Publié le 13 Juillet 2016 par Lurdo dans Critiques éclair, Cinéma, Review, Animation, Jeunesse, Pixar, Disney, Comédie

Au programme : un film par jour, cinq jours par semaine (tant que j'arriverai à tenir la cadence ^^), et des mini critiques d'une dizaine de lignes, tout au plus.

Monstres & Cie (Monsters Inc.) :

Monstres et compagnie est la plus grande usine à cris du monde des monstres, et au sein de celle-ci Sullivan (John Goodman) et Bob (Billy Crystal), sont le meilleur duo de l'entreprise, capables d'effrayer tous les enfants du monde sans grande difficulté. Mais un jour, Bob & Sullivan découvrent un complot organisé par Randall (Steve Buscemi), un collègue fourbe, et se retrouvent à devoir s'occuper de Boo (Mary Gibbs), une fillette égarée dans leur monde...

Un Pixar old-school, que je viens à peine de découvrir (mieux vaut tard que jamais), et qui m'a pourtant immédiatement charmé, à la fois dynamique, inventif, drôle, adorable et, pour l'époque, plutôt bluffant par moments.

4.5/6

Monstres Academy (Monsters University) :

Depuis sa plus tendre enfance, Bob (Billy Crystal) a toujours rêvé de devenir un monstre de Monstres et compagnie.
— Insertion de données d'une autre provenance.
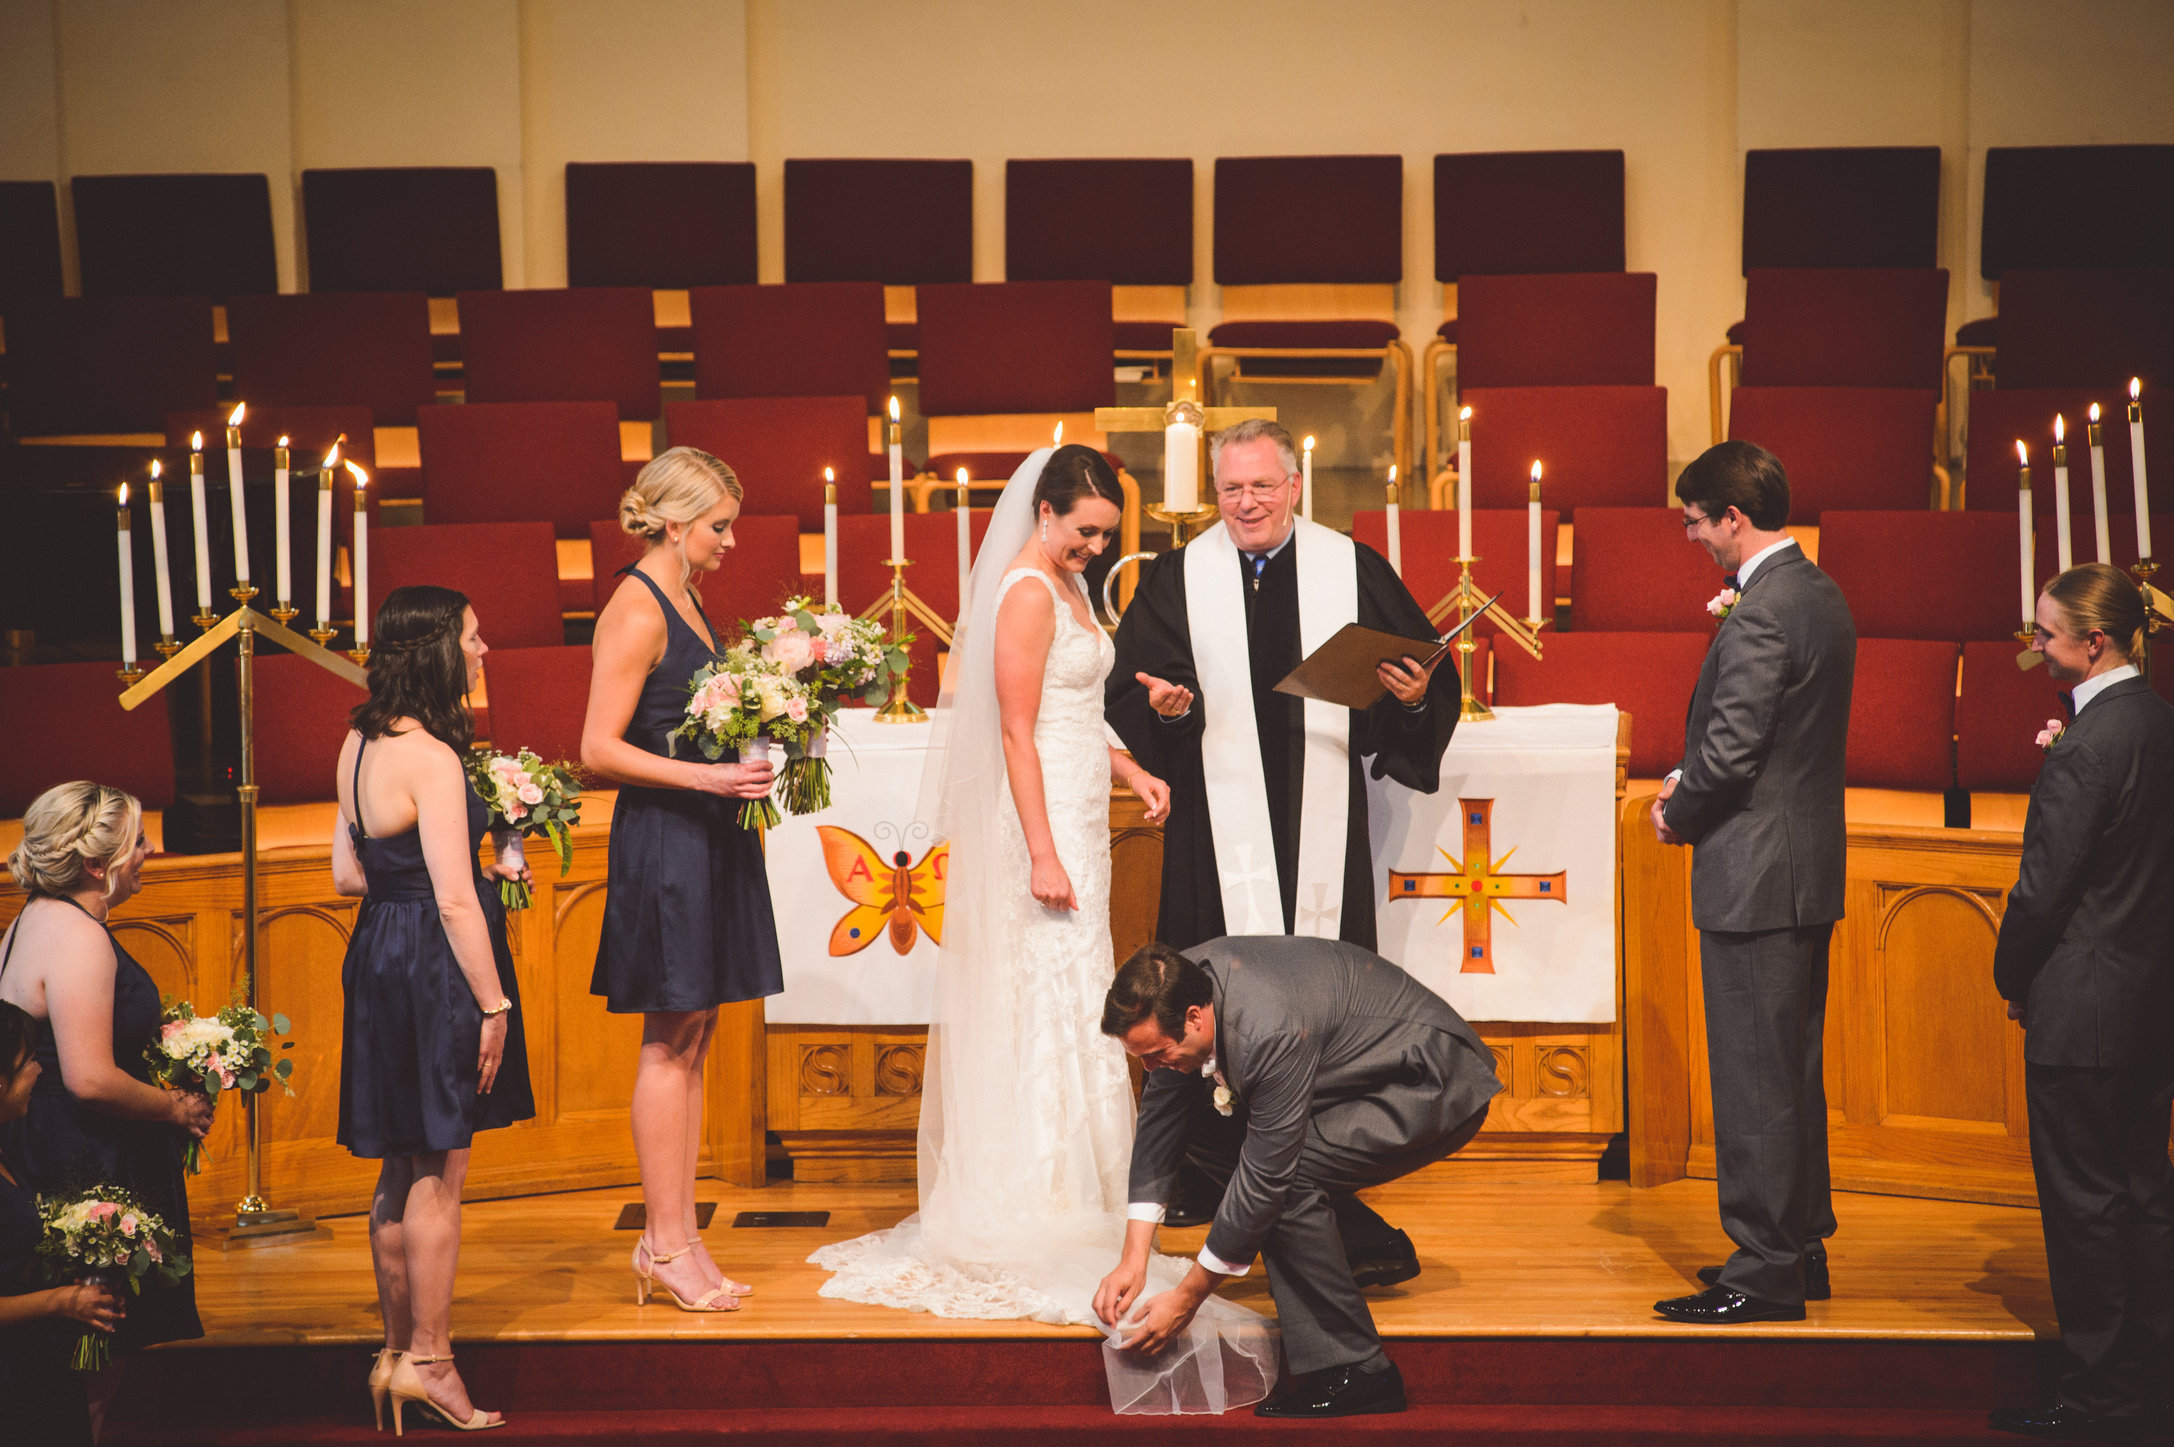 SandC-wedding-206.jpg

Afin d'y parvenir, il s'inscrit à la Monstres Academy, mais il découvre rapidement que tout y est géré par des cliques, et que lui, monstre minuscule, est méprisé par une bonne partie de ses semblables, y compris Sullivan (John Goodman), fils de bonne famille qui profite de son nom et de sa taille pour avancer dans la vie...

Une préquelle à Monstres et Cie, ce n'était pas forcément un projet que l'on réclamait à corps et à cris, et pourtant, la voilà : un campus movie assez basique et prévisible, transposé dans l'univers des Monstres, et qui ne vaut vraiment que pour sa production et sa direction artistique impeccables.

Le reste n'est pas mauvais, mais dans l'ensemble, c'est vraiment du déjà vu au cinéma.